For both rolling-circle replication and conjugation, the nicking, unwinding, and recircularization of a single strand of DNA is followed by complementary-strand synthesis (32, 53). For rolling-circle replication, complementary-strand synthesis is initiated from a single-strand origin of replication, which, like lagging-strand synthesis, requires RNA priming (16, 32). For conjugative and mobilizable plasmids, complementary-strand synthesis of the transferred circularized single strand occurs in the recipient (53). Some conjugative plasmids encode primases that are transferred into the recipient and are important for complementary-strand synthesis, while others appear to rely on host-encoded primase activities (34, 51). In either case, complementary-strand synthesis is initiated primarily at the normal origin of replication on the transferred plasmid (53).

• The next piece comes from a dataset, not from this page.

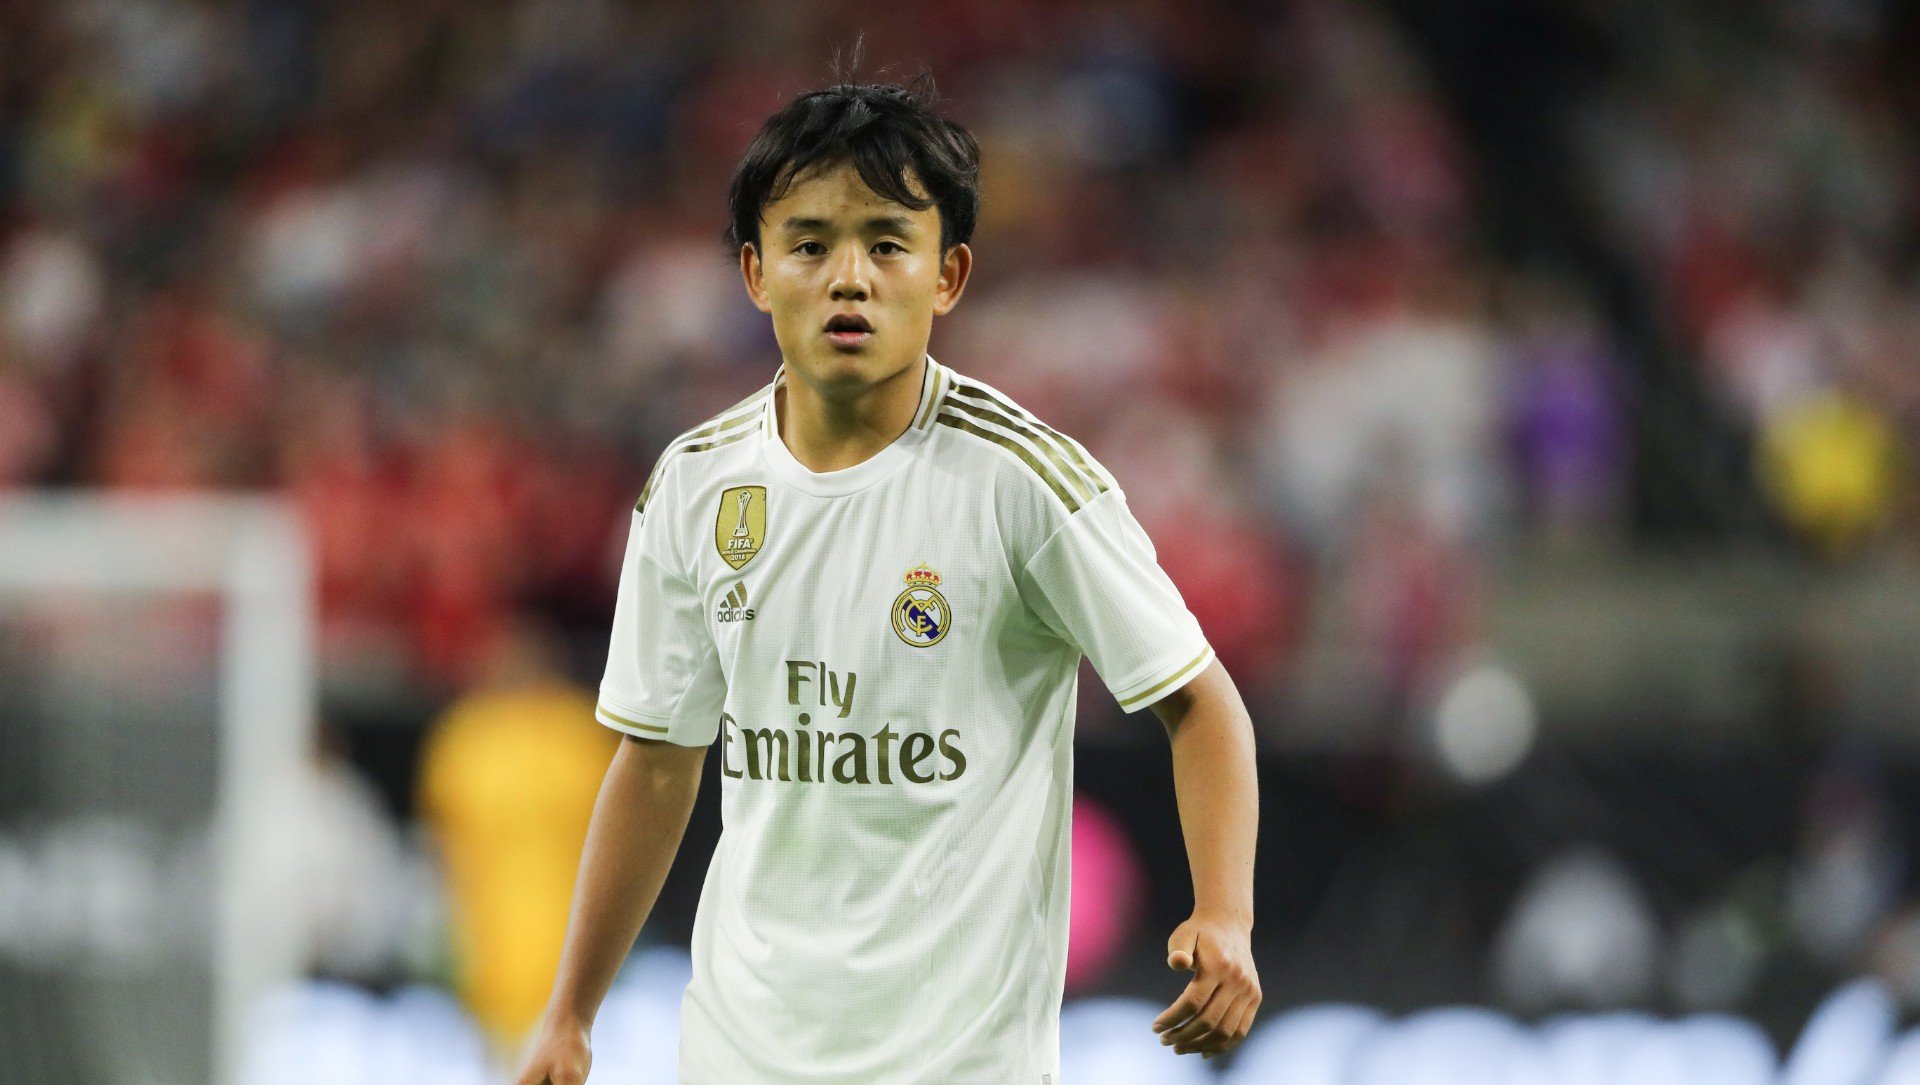 ESQUENTOU - Conforme noticiou o Marca, o Villarreal está conversando com o Real Madrid para encerrar antes da hora o empréstimo de Takefusa Kubo.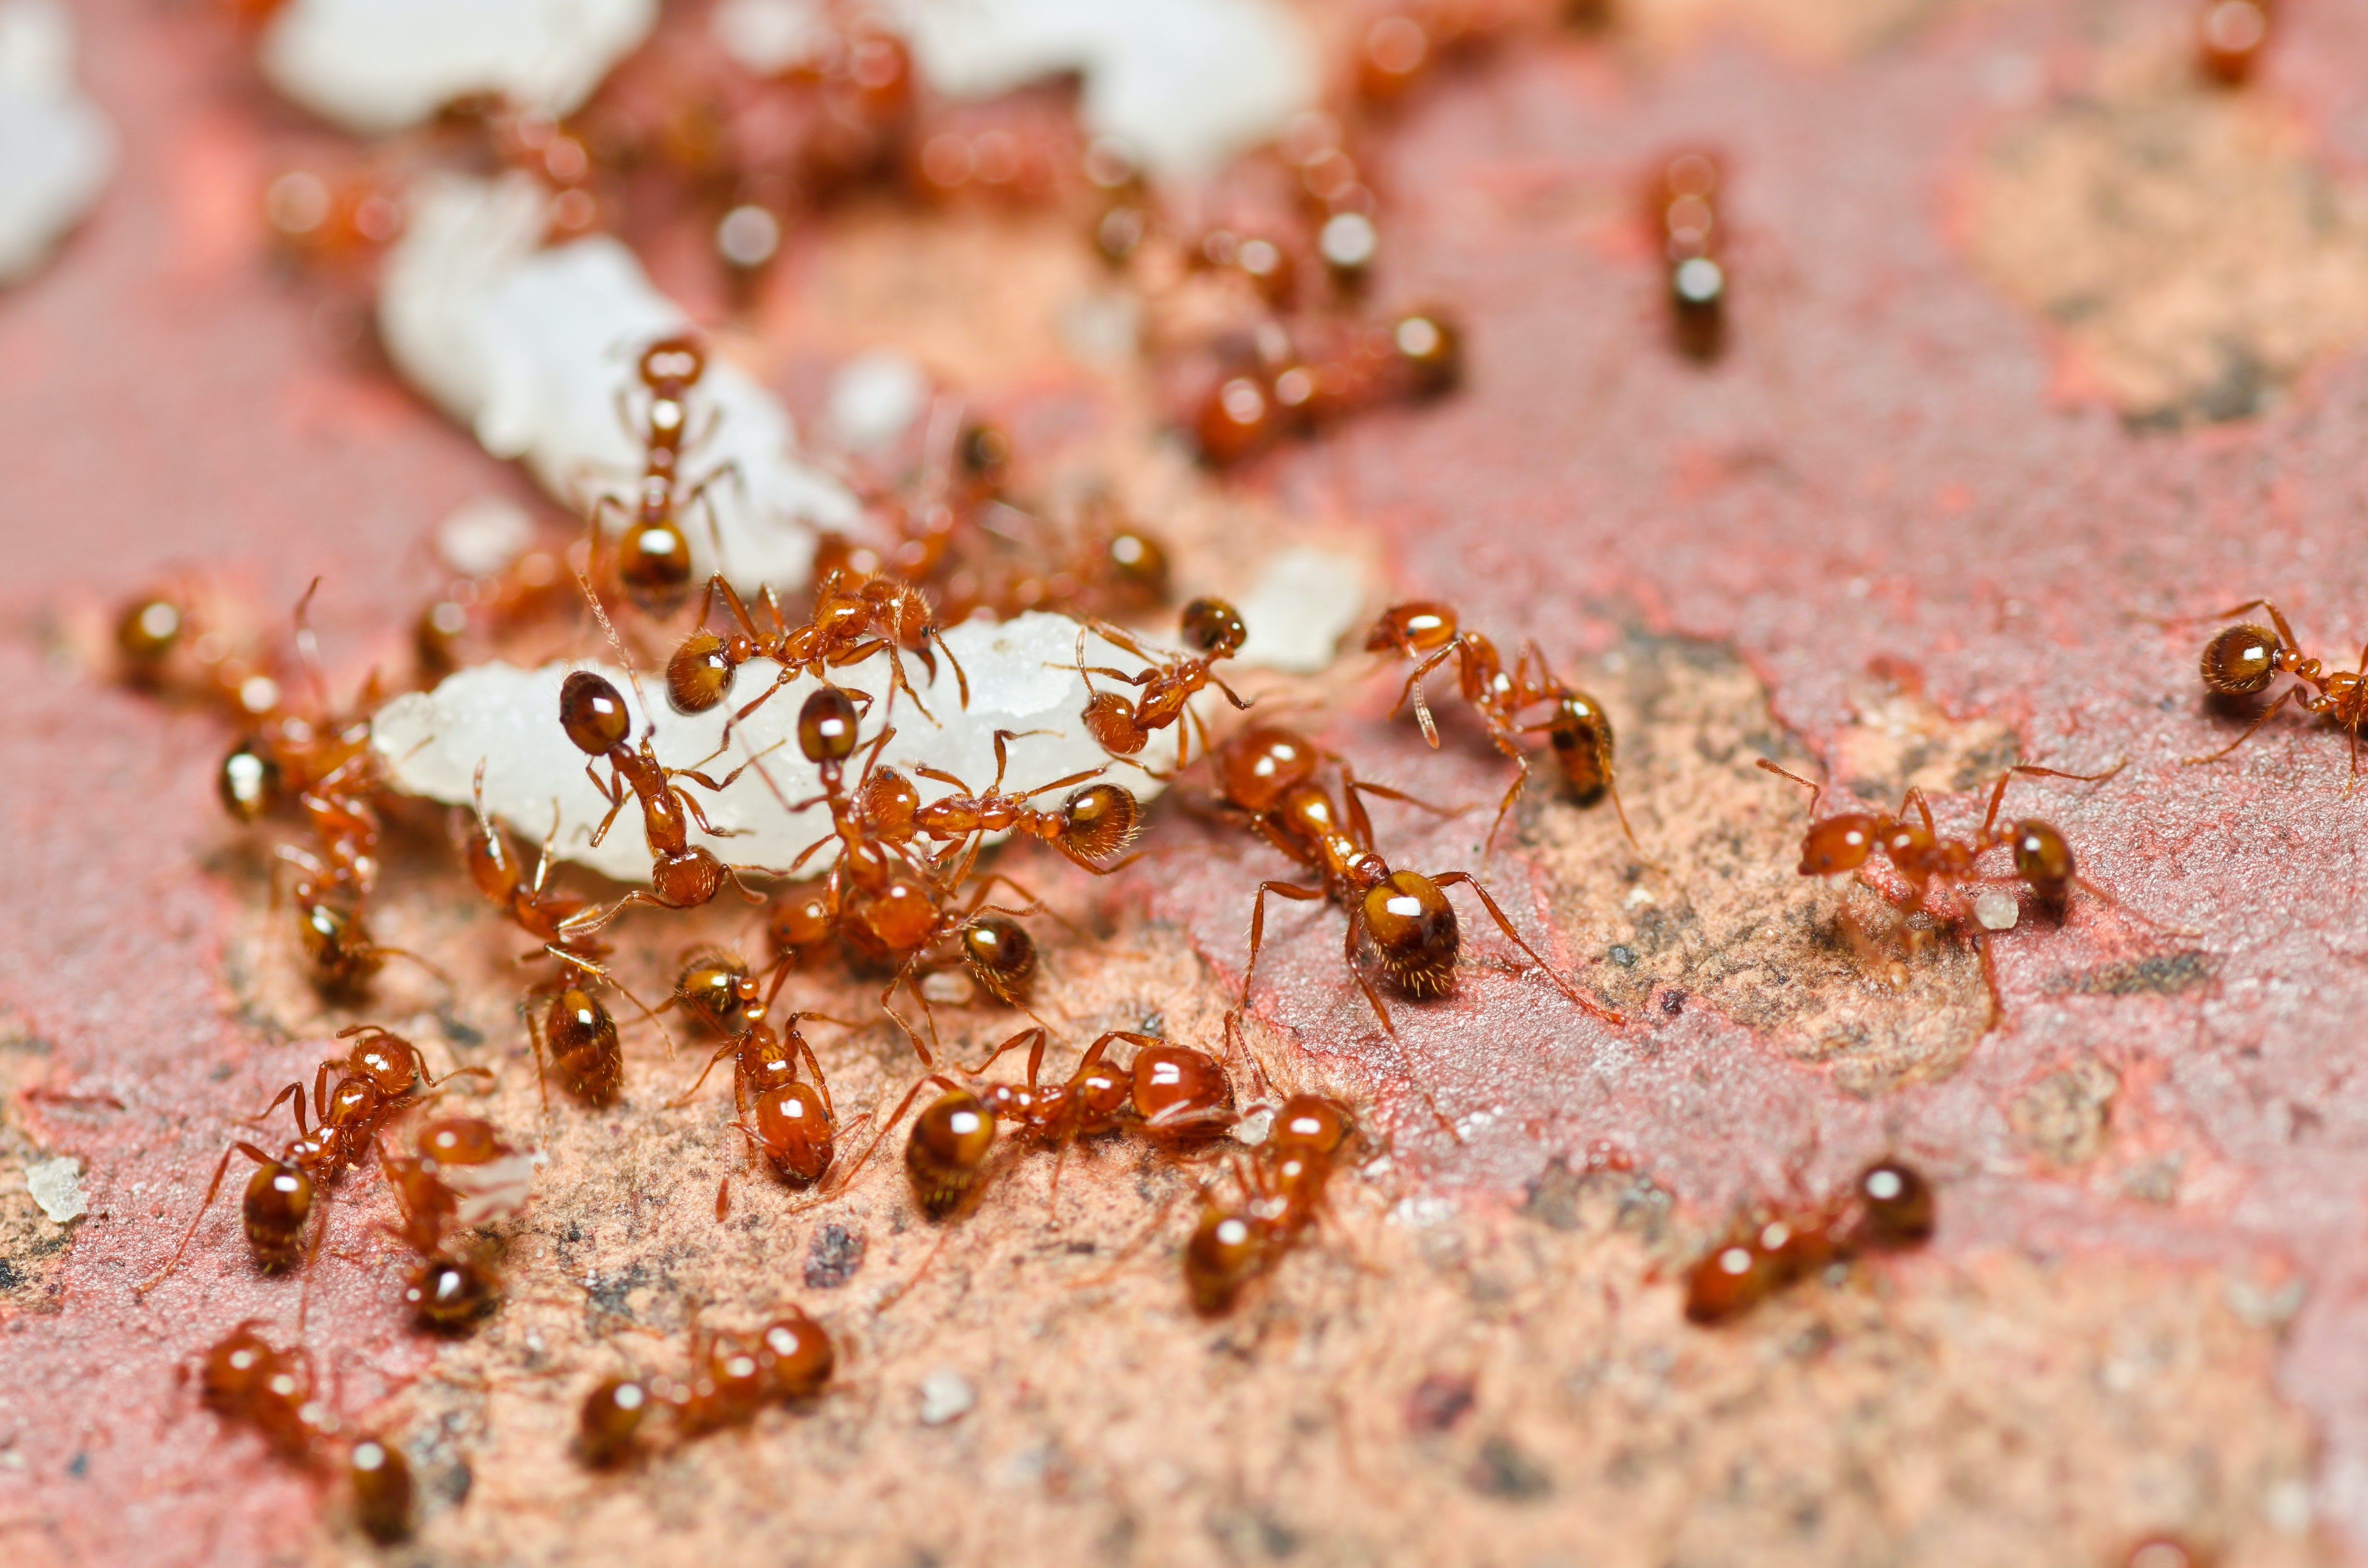 Рыжие муравьи. Фараоновые муравьи Муравейник. Личинки фараоновых муравьев. Рыжие Фараоновы муравьи. Красные муравьи термиты.

Unlike conjugative and mobilizable plasmids, ICEBs1 resides in the host chromosome. It excises to form a circular intermediate. If ICEBs1 is transferred as a single strand, then complementary-strand synthesis in the recipient is likely to be required to generate the double-stranded circular form of ICEBs1 for integration. Complementary-strand synthesis is probably also required before Int can even be produced in the recipient, since most promoters are active only in double-stranded DNA (43), and we predict that the transferred single strand corresponds to the nontemplate strand of int. It is not clear if or how much replication of the excised ICEBs1 circle occurs in the donor, but most characterized ICEs are not known to replicate autonomously.